Directions for this task —
Reproduce every entry below exactly, minus the pictures.

Data —
★ ★ ★ ★ ★ ★ ★
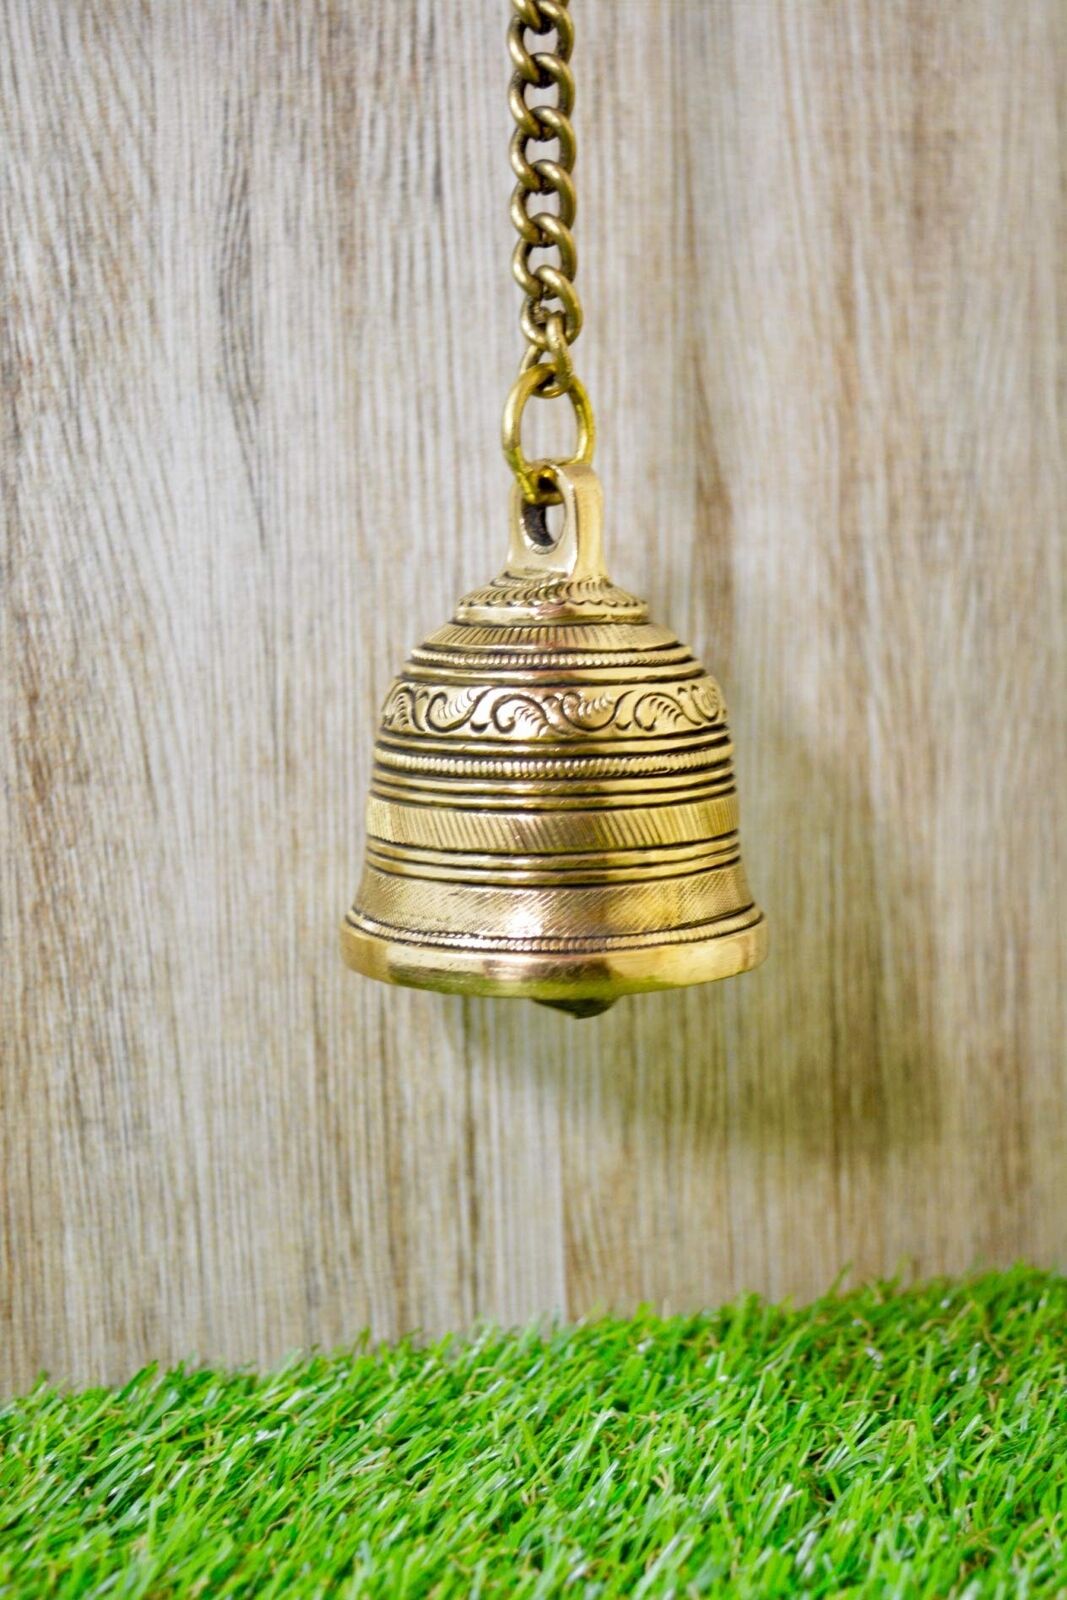 Vintage Matte Wall Hanging Bell With Brass Chain And Hook For Gates Home Office 
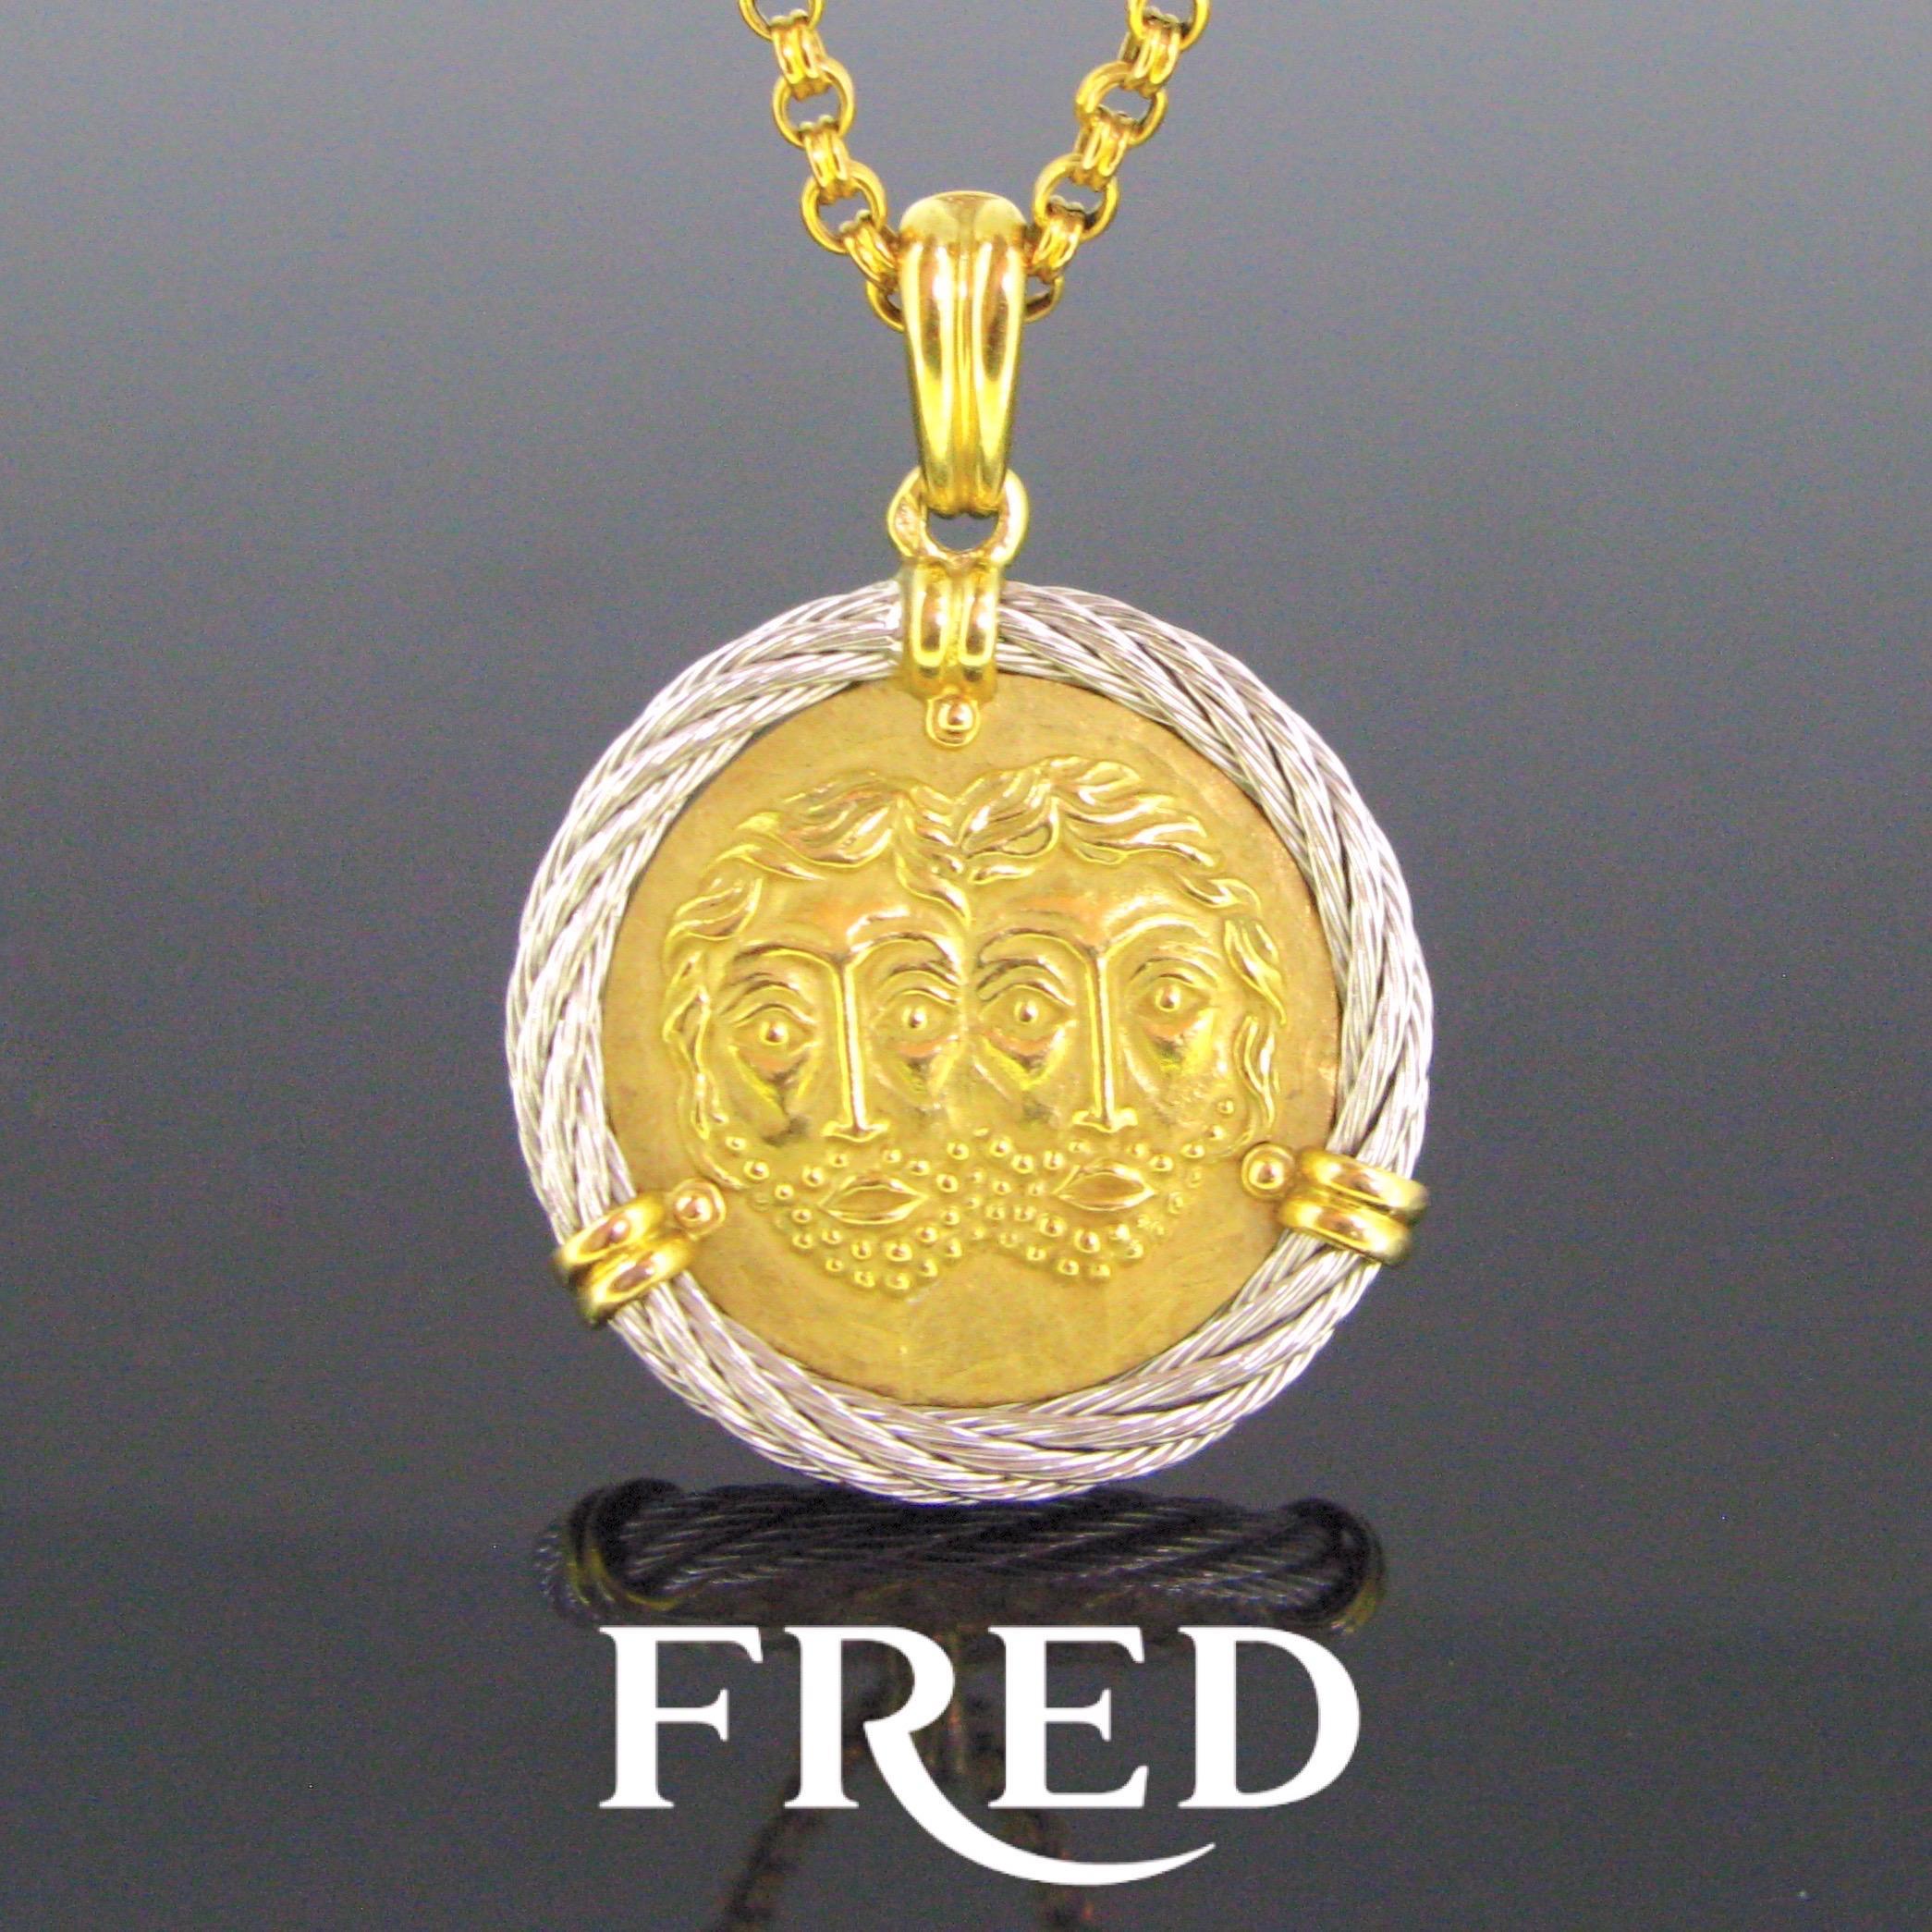 Weight:	18.8


Metal:	18kt yellow Gold 


Signature:	Fred Paris
	

Condition:	Very Good


Hallmarks:	French – eagle’s head
	

Comments:	This pendant is from the Force 10 Collection by Fred. It is the Gemini zodiac sign; it is made in 18kt gold and
★ ★ ★ ★ ★ ★ ★
Output for this task —
 Vintage Matte Wall Hanging Bell With Brass Chain And Hook For Gates Home Office 
 Weight:	18.8


Metal:	18kt yellow Gold 


Signature:	Fred Paris
	

Condition:	Very Good


Hallmarks:	French – eagle’s head
	

Comments:	This pendant is from the Force 10 Collection by Fred. It is the Gemini zodiac sign; it is made in 18kt gold and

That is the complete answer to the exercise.